Classes started today. Began my return to academia in what I’m told was true doctoral student fashion — I missed my first class because I was on a conference call about a potential project :). It was completely worth it. Its fun to glean and interact [even minimally, at this point] with brilliant, engaged folks.
I made it to the second class, in a big theater filled to the brim with an eclectic smattering of students – undergrads, masters, doctoral, the works, from every discipline across the board. The class is out of the Energy & Resources Group and is titled “Energy and Society.” Its going to be awesome and cover a breadth of topics pretty quickly.
We concluded today’s lecture with a brief discussion of fossil fuel stores, much of which was enlightening to me. I knew about some of the general environmental issues surrounding tar sands and the rampant destruction producing crude from tar sands entails; I had little clue about the complete energy inefficiency of the process. The prof noted that if we include shale and oil/tar sands in our peak oil calculations, the notion that we’ve hit 50% capacity becomes moot — we’ve hit something like 2.5% capacity. That said, he mentioned that if we assume sweet crude to require environmental/energy inputs equal to 1, tar sands is 30 or 40% higher. The process for refining tar sands [which i’ll revisit as I learn more] goes something like the following:
Dig a deep-ass pit.
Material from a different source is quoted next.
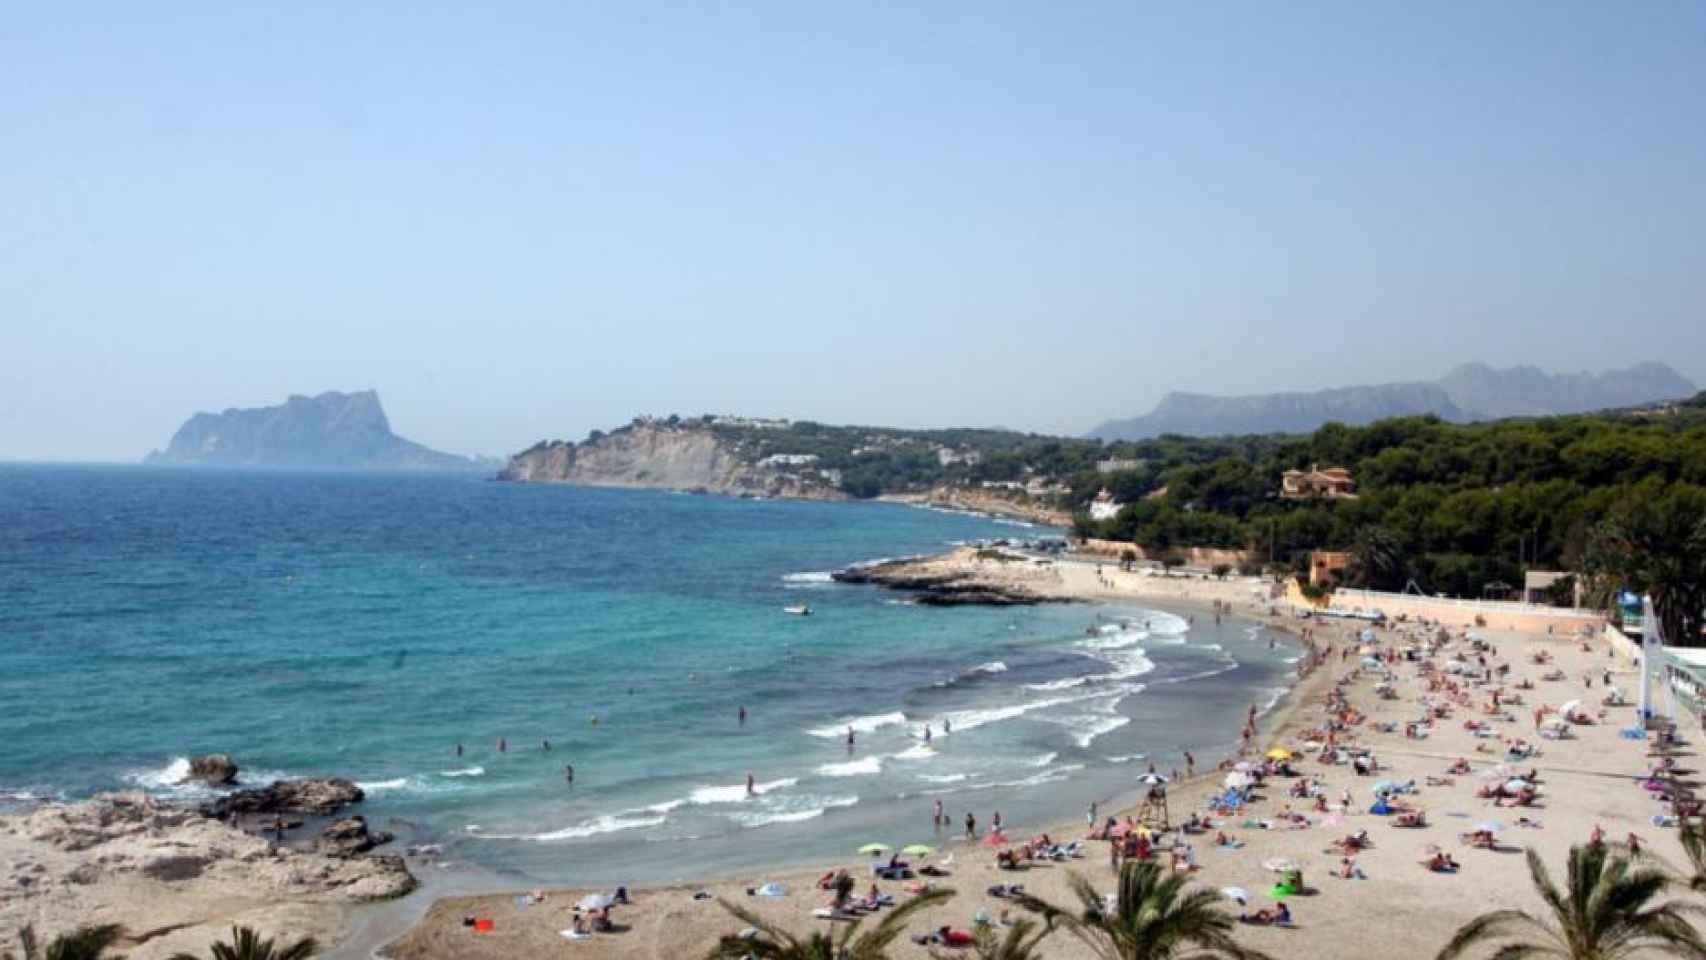 El septuagenario británico ha fallecido ahogado en la playa L'Ampolla de Moraira.
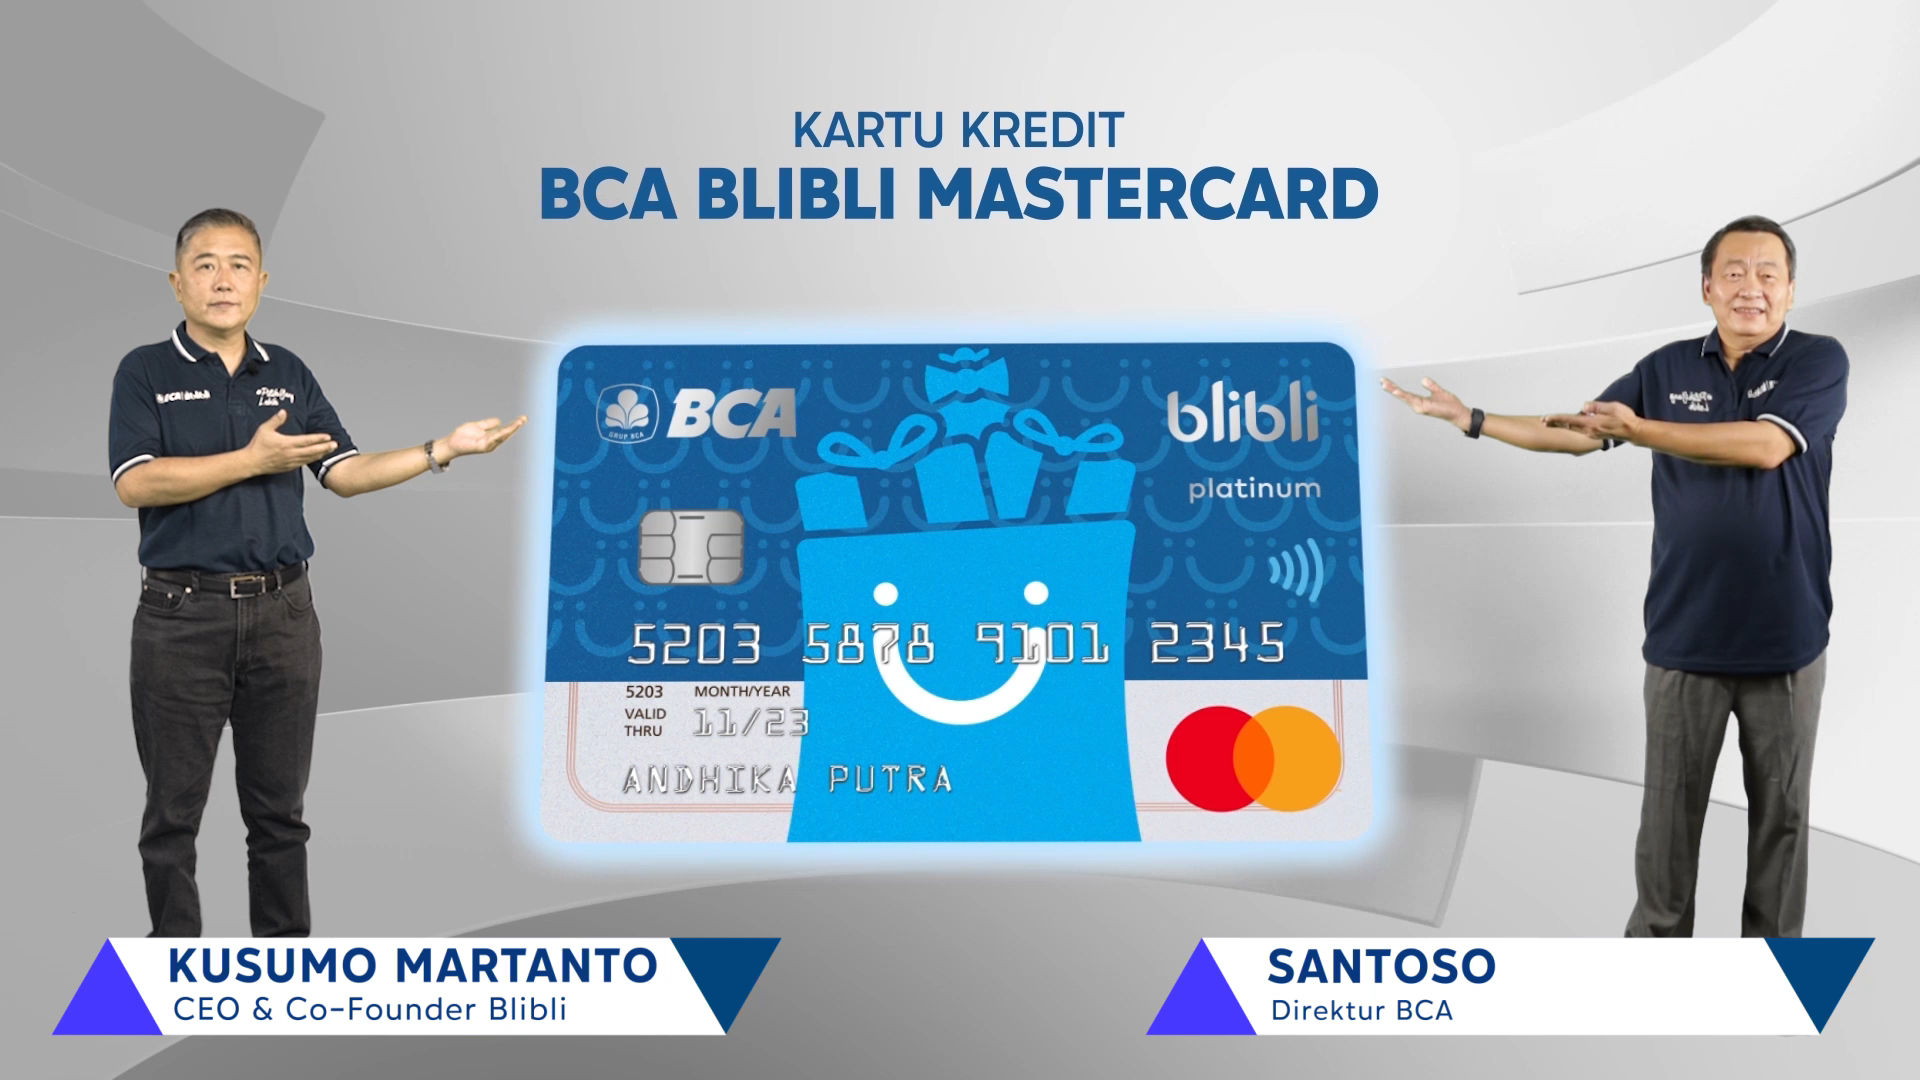 Kusumo Martanto, CEO dan Co-Founder Blibli dan Santoso, Direktur BCA dalam Peluncuran Kartu Kredit BCA Blibli Mastercard

Around 100m down, you’ll hit tar sands, or as the Canadians like to call it, oil sands. Mix with water and separate the oil. There’s a lot of sulfur in tar sands, and we don’t like sulfur. So we take CH4, strip the carbon off, and bubble this hydrogen through the tar sand slurry. This’ll form H2S. Precipitate the elemental sulfur in an ice bath, release the hydrogen into the atmosphere. You waste natural gas, you throw hydrogen away, and you get all of this goodness:
Apparently there’s a glut of sulfur in the market, so that just sits there in all its inimitable yellowness. Piles upon piles of sulfur cakes.
This process above is over-simplified, but that doesn’t change the fact that its completely f-ing insane. The size of the Athabascan tar sands hellhole is equivalent to Saudi Arabia’s oil field before it was pilfered. The government of Alberta thinks it can push production beyond 3 million barrels per day. Hard to imagine a world in which we’re not reliant on oil when we keep finding ways to extract it.